I’m sure you’ve read the latest validation debate (yes, they are discrete, the blogosphere isn’t actually one long validation matters/doesn’t matter row :)). Ethan of Sidesh0w started it off with a post at WaSP, Keith exploded it, and 73 comments later over at Asterisk, no conclusion has been reached. Here’s my view, with a little spin-off mini-rant at the end for kicks.

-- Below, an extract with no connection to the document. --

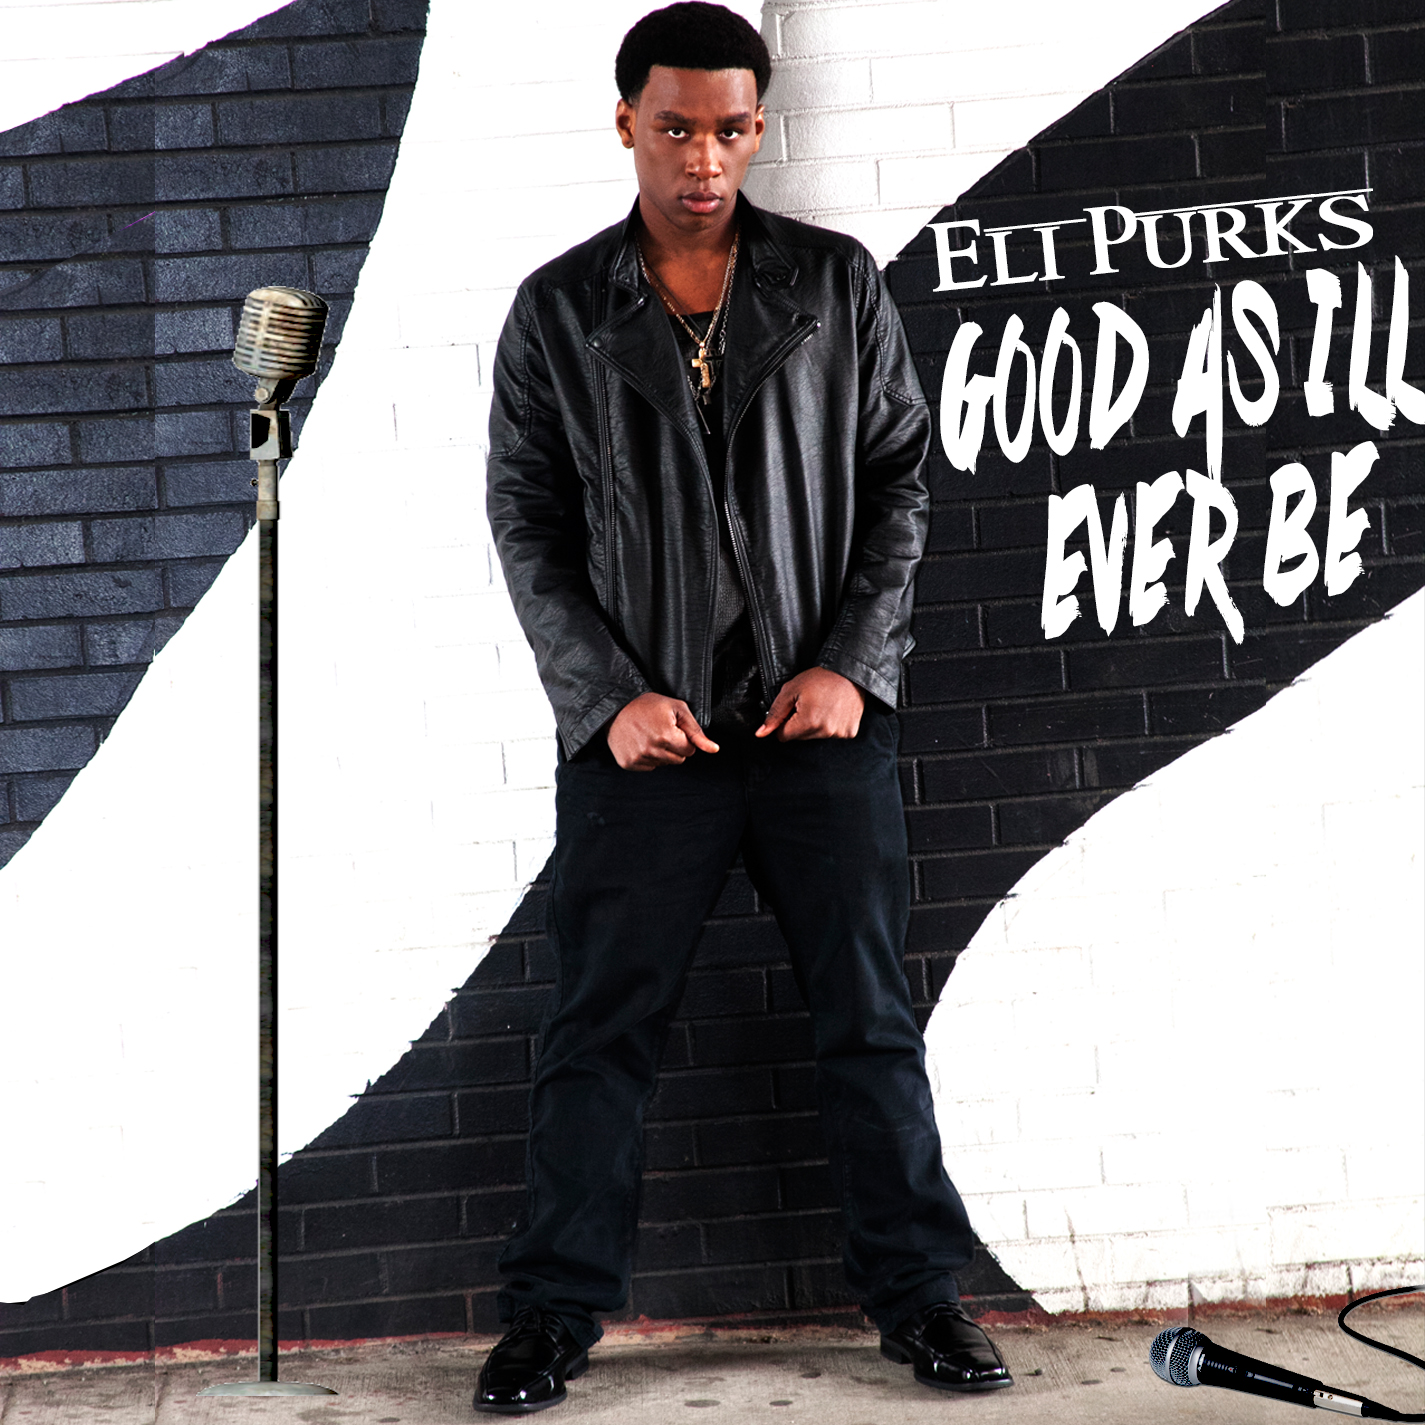 Eli Purks "Good as I'll Ever Be" Available on iTunes and Amazon Music

First, let’s lay down some definitions. HTML can be good, XHTML can be better. I’ve got no problem with using HTML, as long as it’s done correctly. However, it’s undeniable that, although HTML won’t go away, XHTML is how future documents should be served. So we may as well jump on ship now rather than wait and try to convert when it becomes essential. But anyway, if we assume that we’re using XHTML, then we can seperate the term ‘validation’ into two component parts:
This is where I draw the line: validation (ie, adhering strictly to the DTD, that means not doing things like putting block level elements inside inline level elements) isn’t altogether too important. Well-formedness (encoding your ampersands, opening and closing elements in the right order), however, is. That’s because otherwise the document will be really difficult to parse, and, if you’re serving as application/xhtml+xml, the parser will give up and present a confusing error to the user (although I’m not necessarily in agreement that this should be the standard behaviour for XML parsers).
When working with HTML, we can get away with a whole plethora of errors and the parser will still present the page to the user, mostly by guessing. So here it’s less important to encode your ampersands, because it will only matter in the rarest of cases, and not send the parse to an abrupt doom. But I’d still say it’s important to give the parser as many clues as possible (read: make your documents well-formed), because it’s unlikely that parsers will become more forgiving.
So, validation ≠ well-formedness, validation is less important than well-formedness.
But (spot the mini-rant coming), why do we have to encode our ampersands at all? 99.9% of the time it’s a pain. This is true of so many of the W3C standards: they ban certain things on the grounds that in a worst possible scenario, things could go badly wrong. Why has XHTML sent as text/html been labelled ‘evil’? Because, if a user does a list of things in a certain, exact, order, things go badly wrong. We have to hack around a whole list of worse-case scenarios. We’re reaching for a kind of code-utopia which is backfiring in the form of making writing decent code for the web a pain in the arse.
But is this a bad idea? In my opinion, no, it’s not. Maybe another solution could be reached that means the masses can code easily without the worse-case scenarios popping up, but then again maybe this isn’t possible. Maybe this is the only way to do things. In which case, think about it: why does accessibility and usability go to such extremes to make websites so easy to use, assuming virtually nothing about the user? Because, and here’s the crunch point, the web is open to anyone. Anyone has the right to use, browse casually, be treated with a respect (which is what usability is trying for).
Extrapolating this, anyone, therefore, has the right to create code. The coder has every right to expect a perfect XHTML standard. For everything to behave as you think it should. And while non-encoded ampersands are easy to spot (the parser tells you where they are!), realising that none of your query-string variables are getting through because you haven’t encoded ampersands would take a whole lot longer to figure out.
That’s why standards are so debateable.